Dataset section:
□ □ □ □ □ □ □

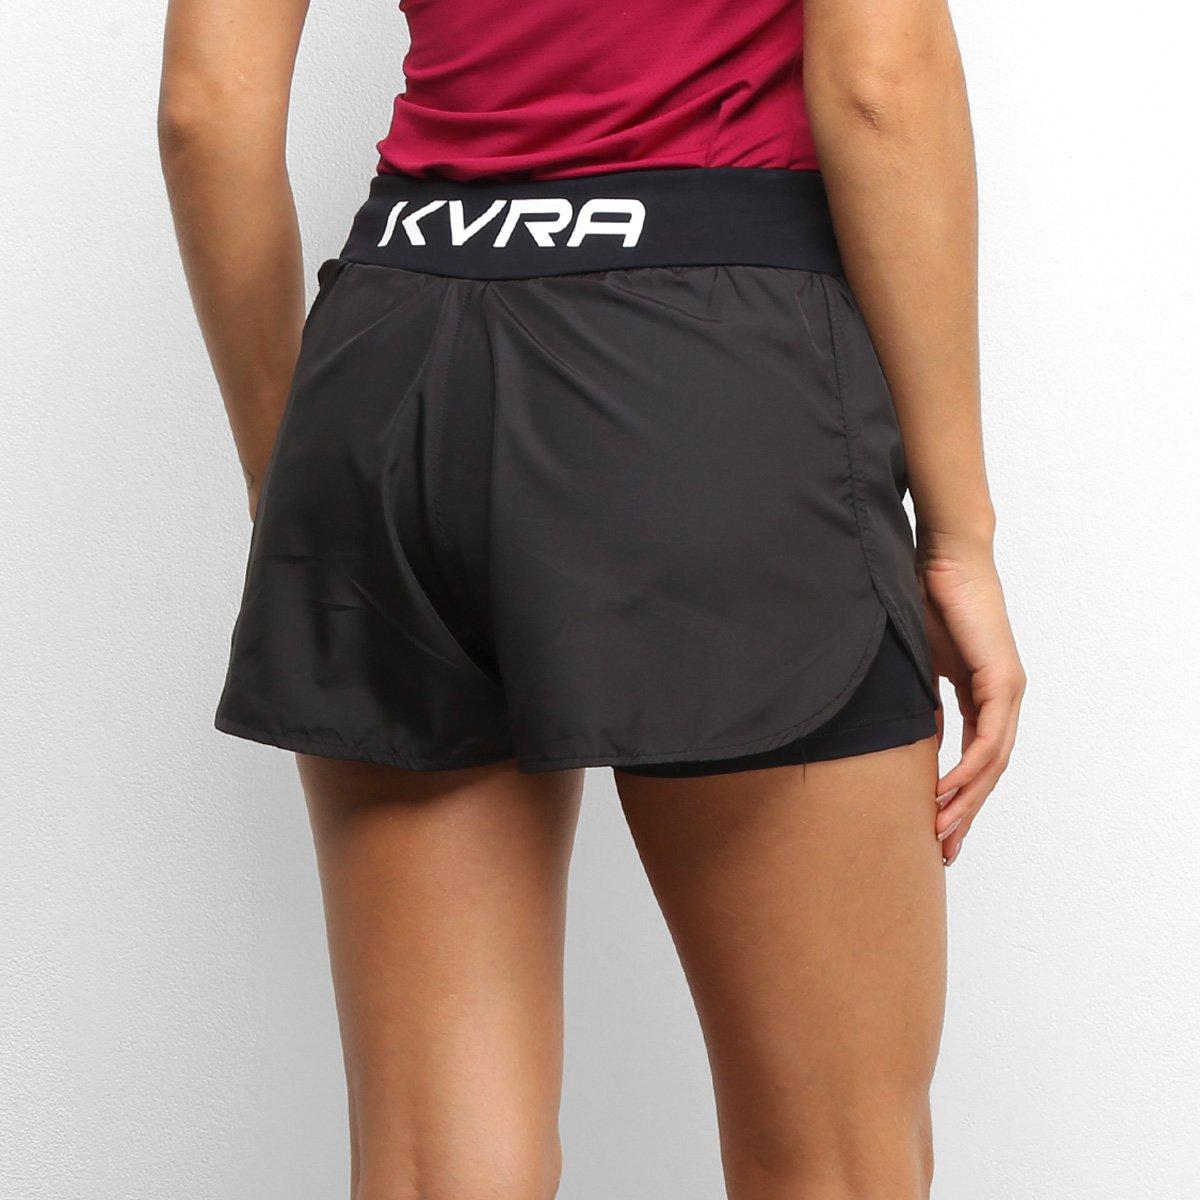 Short KVRA Ride Feminino - Tam: G - 1
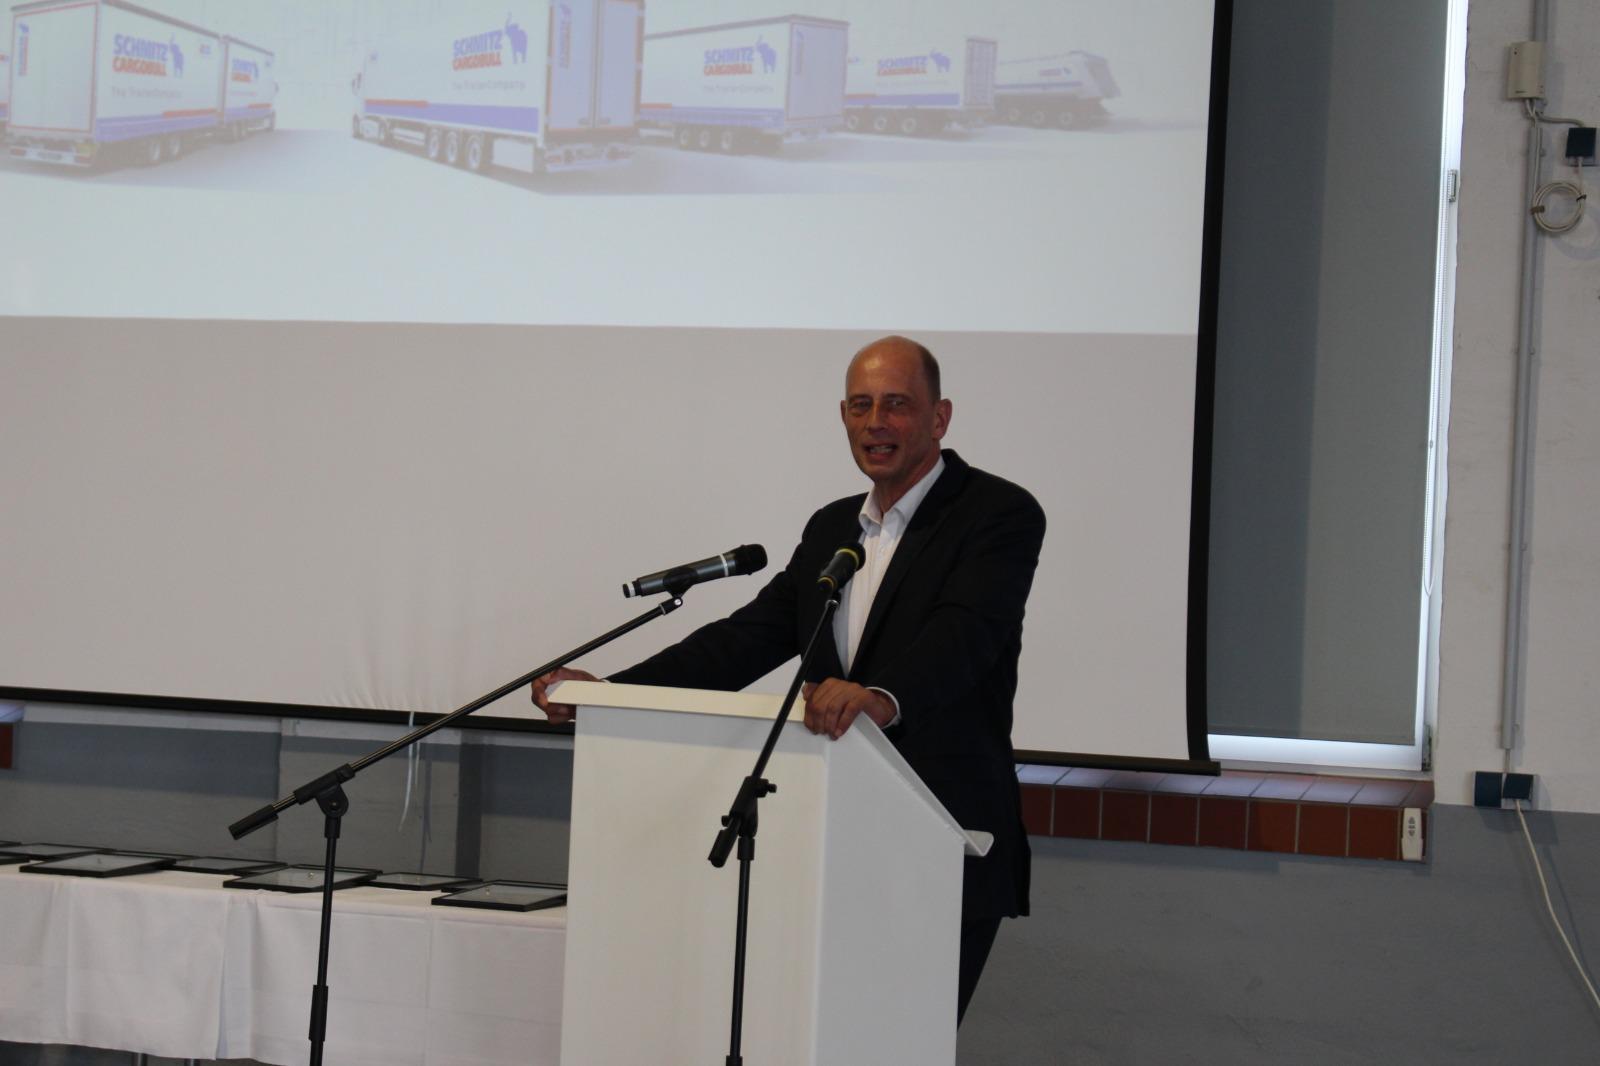 Wirtschaftsminister Wolfgang Tiefensee beim Grußwort zur Veranstaltung Industrie trifft Bau in Gotha
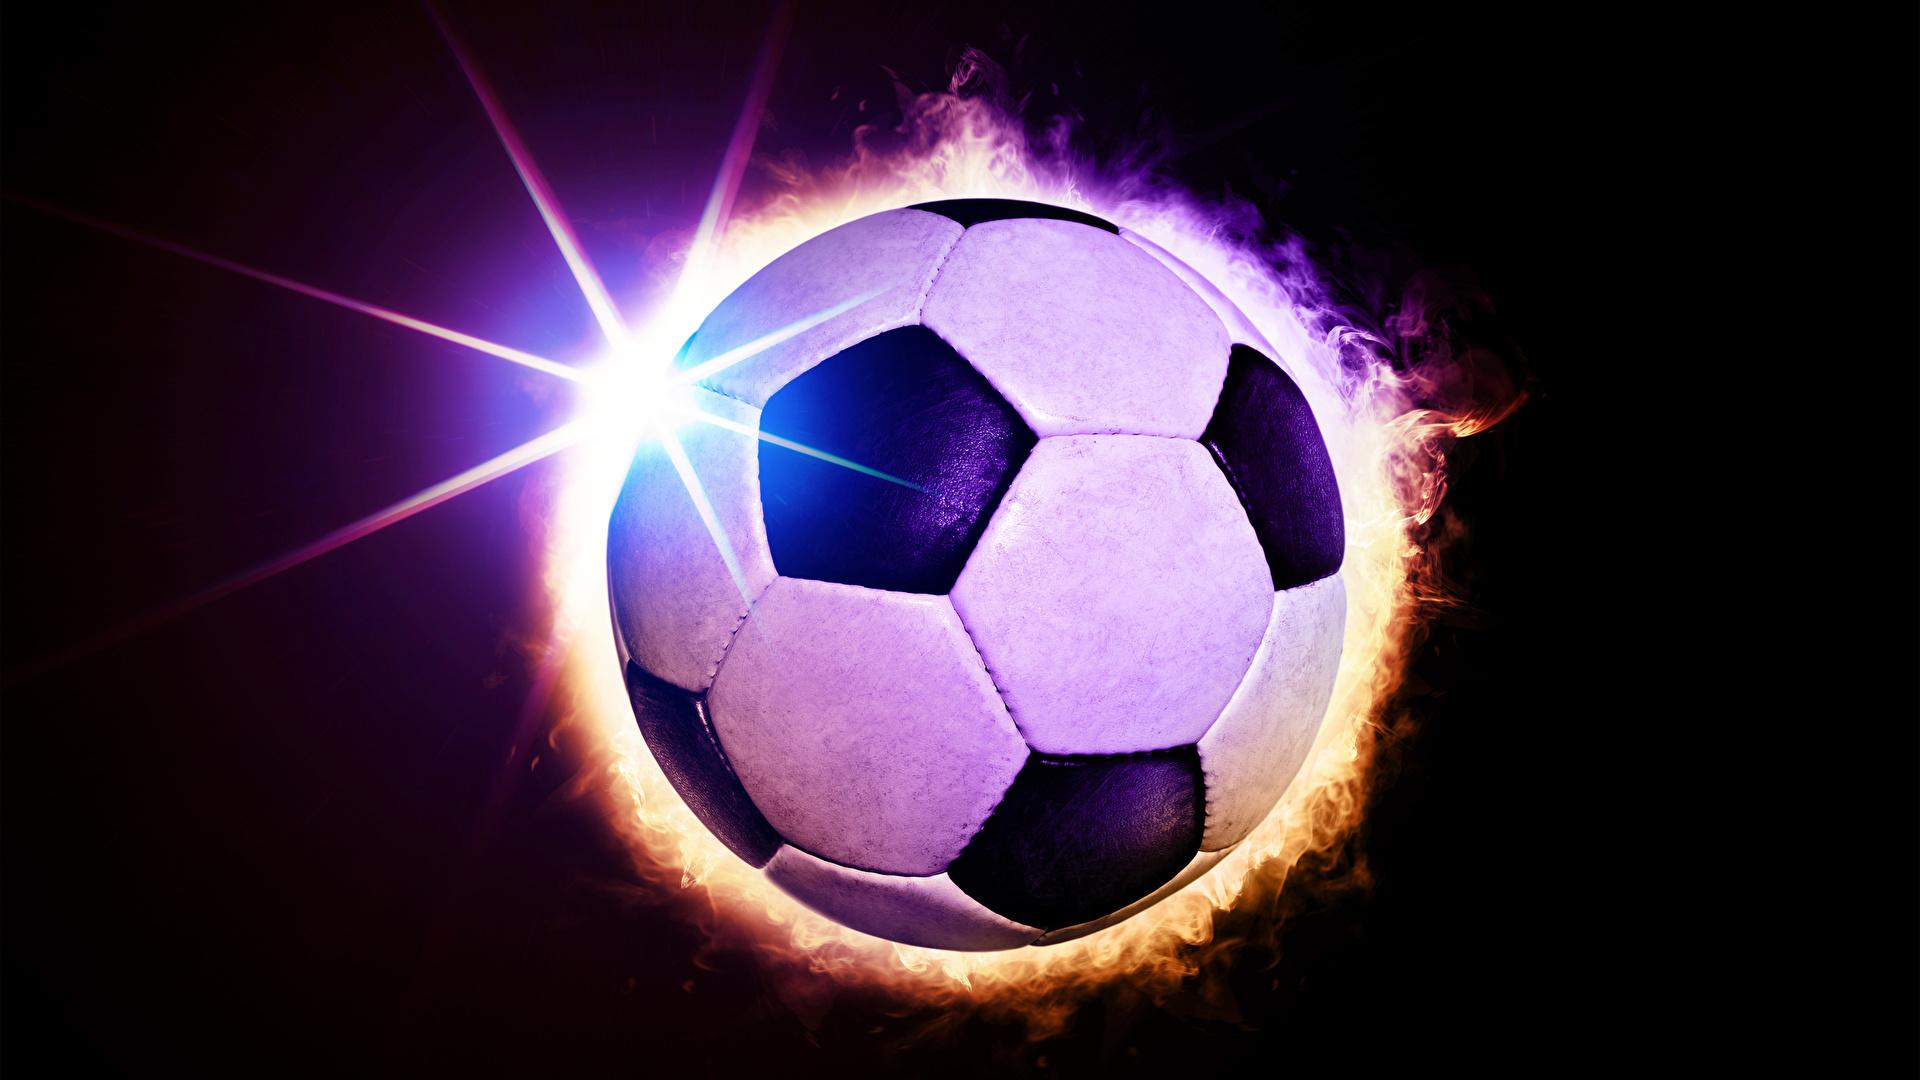 Фотографии Лучи света Футбол спортивный Мяч Черный фон 1920x1080 Спорт спортивная спортивные Мячик на черном фоне

□ □ □ □ □ □ □

Aim of the exercise: Produce a word-for-word version of the material, with no pictures included.

The completed task:
 Short KVRA Ride Feminino - Tam: G - 1
 Wirtschaftsminister Wolfgang Tiefensee beim Grußwort zur Veranstaltung Industrie trifft Bau in Gotha
 Фотографии Лучи света Футбол спортивный Мяч Черный фон 1920x1080 Спорт спортивная спортивные Мячик на черном фоне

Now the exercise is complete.